# My wildcats.



## kittiesmom (Aug 27, 2013)

Just a few pic's of Tilly and Scooby my two wildcats.


----------



## Jenny bf (Jul 13, 2013)

What a couple of gorgeous and content looking cats. You would never think they were ex ferals


----------



## Cheddar (Jul 11, 2014)

I LOVE the 2nd pic. Priceless.


----------



## spirite (Jul 31, 2012)

Me too! That second picture made me squeal out loud! That's calendar material.  Is that Tilly or Scooby?
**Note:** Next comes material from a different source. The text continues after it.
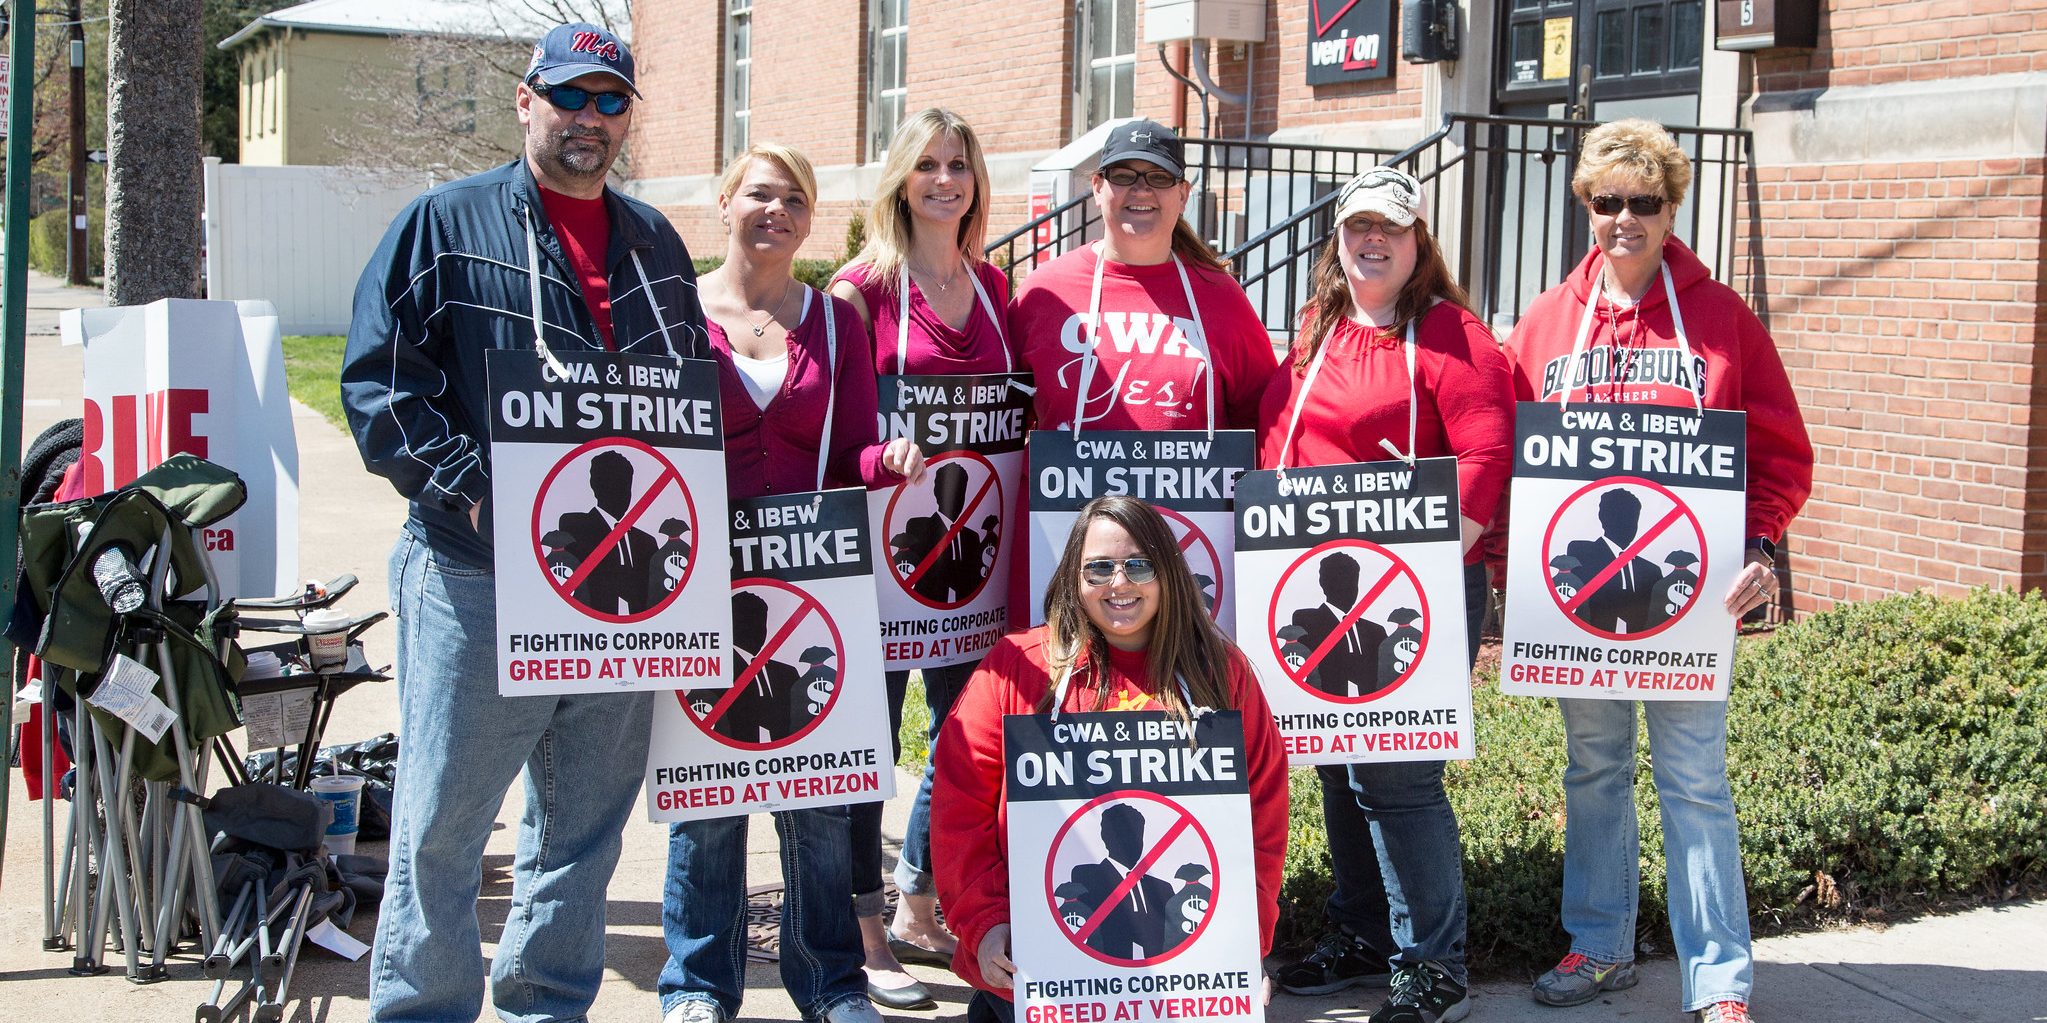 Members of CWA on strike against Verizon in 2016
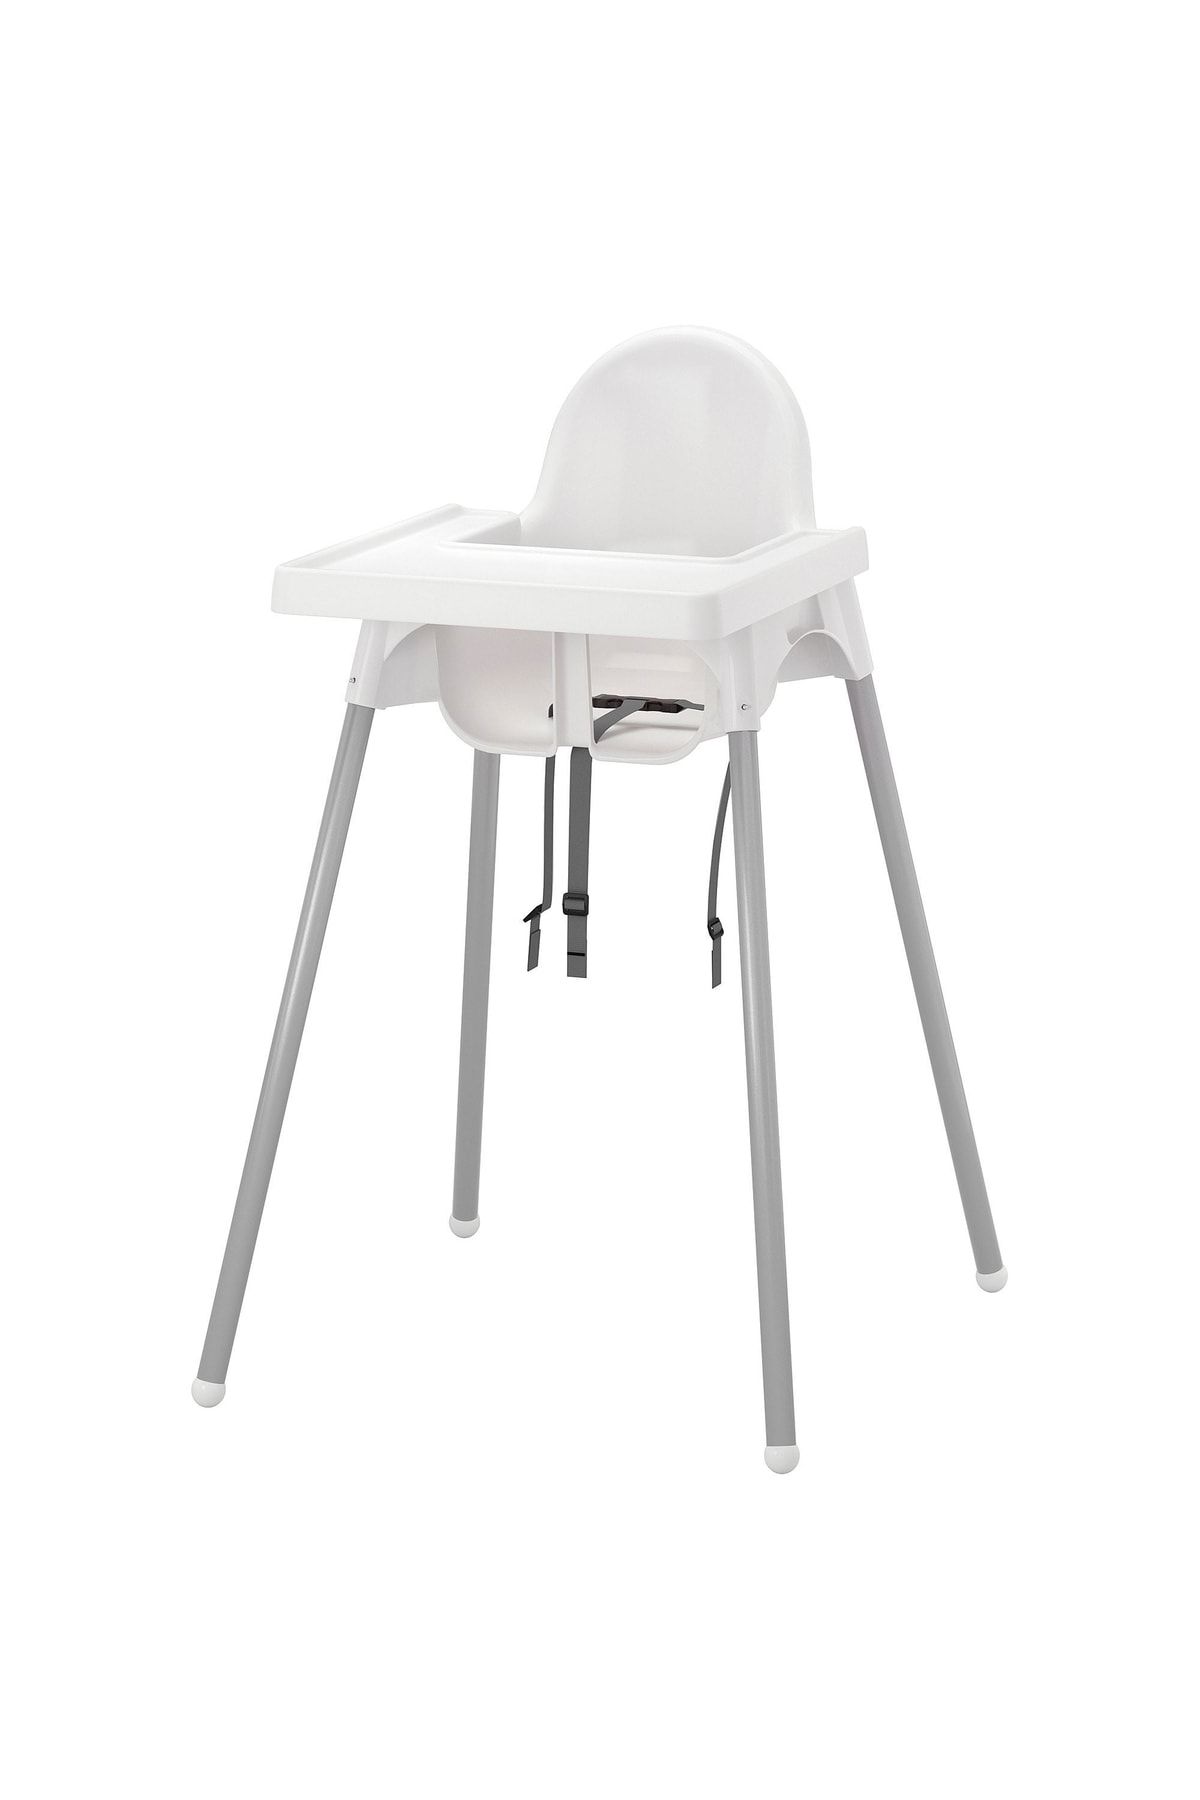 IKEA Antılop Tepsili Mama Sandalyesi Seti + Destekleyici Minderi + Destekleyici Minder Kılıfı

They are both just gorgeous!


----------



## TabbCatt (Mar 26, 2014)

kittiesmom, 

Your Scooby and Tilly look pretty mellow for wildcats! Your avatar, however....gave me a great laugh ! Love ALL your photos! ;-)


----------



## jking (Feb 22, 2014)

I love Tilly and Scooby! They are so beautiful! :luv


----------



## Arianwen (Jun 3, 2012)

Amazing! 

A couple of weeks ago I saw British wildcats (now only in Scotland) that were in captivity (but nice surroundings) for a breeding programme.


----------



## kittiesmom (Aug 27, 2013)

spirite said:


> Me too! That second picture made me squeal out loud! That's calendar material.  Is that Tilly or Scooby?
> 
> They are both just gorgeous!


 Thanks very much, Tilly is the blue and white and Scooby is the blue. :luv


----------



## kittiesmom (Aug 27, 2013)

Thanks everyone for your lovely comments.


----------



## Blumpy710 (Feb 24, 2014)

They look so healthy. How do you keep them so clean and also keep the weight on? My 3 ferals are all skinny and I feed them twice as much as my indoor cats. They put on weight in the winter but are back to being super skinny again. I just got one of them dewormed, could that be the problem?


----------



## KsKatt (Jul 6, 2014)

Have you wormed against tapeworms?


----------



## Jetlaya67 (Sep 26, 2012)

They are such beautiful cats! Love the second and third pictures.


----------



## sweetcuddles (Jun 30, 2013)

kittiesmom said:


> Thanks everyone for your lovely comments.


I love that saying. That dogs have owners and cats have staff.


----------



## Blumpy710 (Feb 24, 2014)

I didn't mean to interrupt this thread with questions about my ferals but I was so impressed. If there is an over the counter dewormer that works I would love to know.


----------



## KsKatt (Jul 6, 2014)

Blumpy710 said:


> I didn't mean to interrupt this thread with questions about my ferals but I was so impressed. If there is an over the counter dewormer that works I would love to know.


Beautiful cats can make others want ideas on how to keep theirs looking as good!
I haven't found an otc wormer that works on tapeworms, anybody know of one?


----------



## wallycat (Nov 10, 2012)

So pretty!!
the gray one looks like my departed Wally; the other looks like my feral, Kylie (who now resides in MO).
Thanks for sharing their pix!


----------



## Gandalf&Endor (Jun 9, 2014)

Gorgeous Kitties! Especially the second picture!


----------